A two-way between-groups analysis of variance was performed to appraise the effect of Capital-Startup and Entrepreneurship Skill on levels of Entrepreneurship Success. Our respondents were divided into groups for each of the independent variables. For Capital-Start-up [F (16, 912) =18.072, p=0.000], there was a statistically substantial main effect. Further, the effect size was moderate (partial eta squared=0.038). Statistics for Entrepreneurship Skill indicates [F (16, 912) = 33.273, p=0.000]. Post-hoc evaluations using the Tukey HSD test showed significant variances for the different levels of the independent variables.

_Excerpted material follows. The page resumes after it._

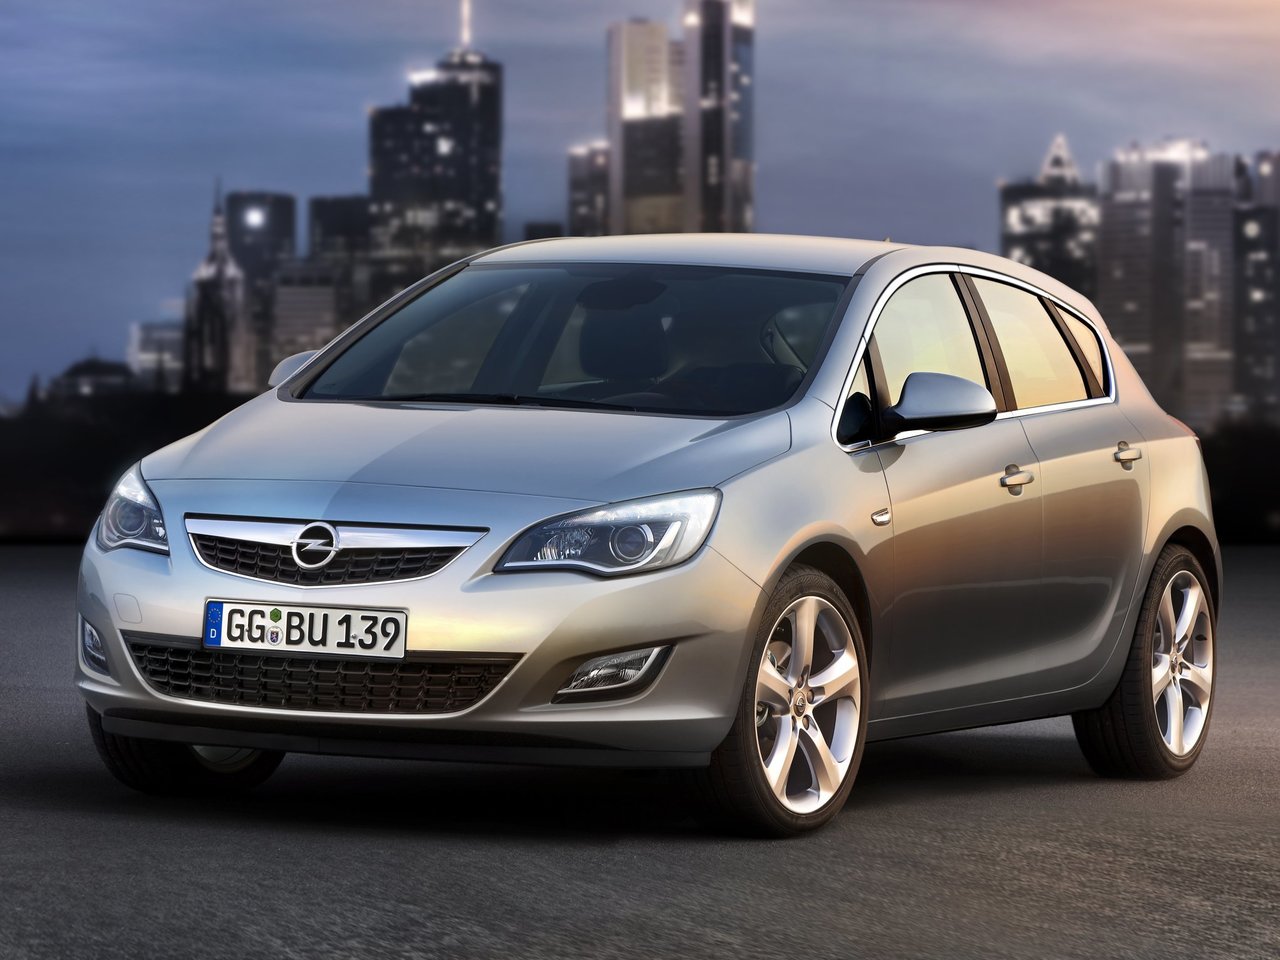 Снижаем расход Opel Astra на топливо, устанавливаем ГБО

Recommendations and Implications

Enlarging the finance opportunities available and available to SMEs should be a primary focus for policy makers. This will foster the development and sustainability of SMEs, in a credit-constrained setting. Further, this should be mainstreamed as a long-term approach to increasing capital structure and investment capacity of the SMEs’, and reducing their continued reliance and susceptibility to the old-style loaning networks. Achieving this would require, broadening the range of financing instruments that SMEs and entrepreneurs access. This will enable them to support novelty, growth, and employment. Financial stability, inclusion and deepening as mutually supporting objectives in the pursuit for sustainable recovery and long-term growth should be considered.  Even though that bank funding will remain vital for the SME sector, varied options for SME funding could support long-term investments and lessen the vulnerability of the sector to fluctuations in the credit market. Additionally, small businesses are mostly unable to deal with interested party oversight necessities. Consequently, the growing anxiety about the lack of business expertise and competences in-addition to low-slung quality of projects (investment) ought to hasten policy consideration of the demand side, including measures such as training and mentoring. Additionally, improving and leveraging SME skills should form part of the strategic vision to supporting SMEs. The limited knowledge, awareness and understanding about the requirements for a successful venture must be over-turned by the government. This is not a subject of knowledge increase only, but then, it sustains SMEs in framing an enduring technique to business funding. This infers an understanding of how different mechanisms can serve diverse funding needs at explicit phases of the business. It is also imperative to add more SME investment projects and increase the worth of start-up business plans and, specifically for the growth of the riskier segment of the market.

Acknowledgement

A Grant from the University of Mpumalanga (UMP) provided funding support for Research. The authors wish to thank anonymous reviewers from that made useful contributions to the study.

Conflict of Interest

The authors declare no conflict of interest.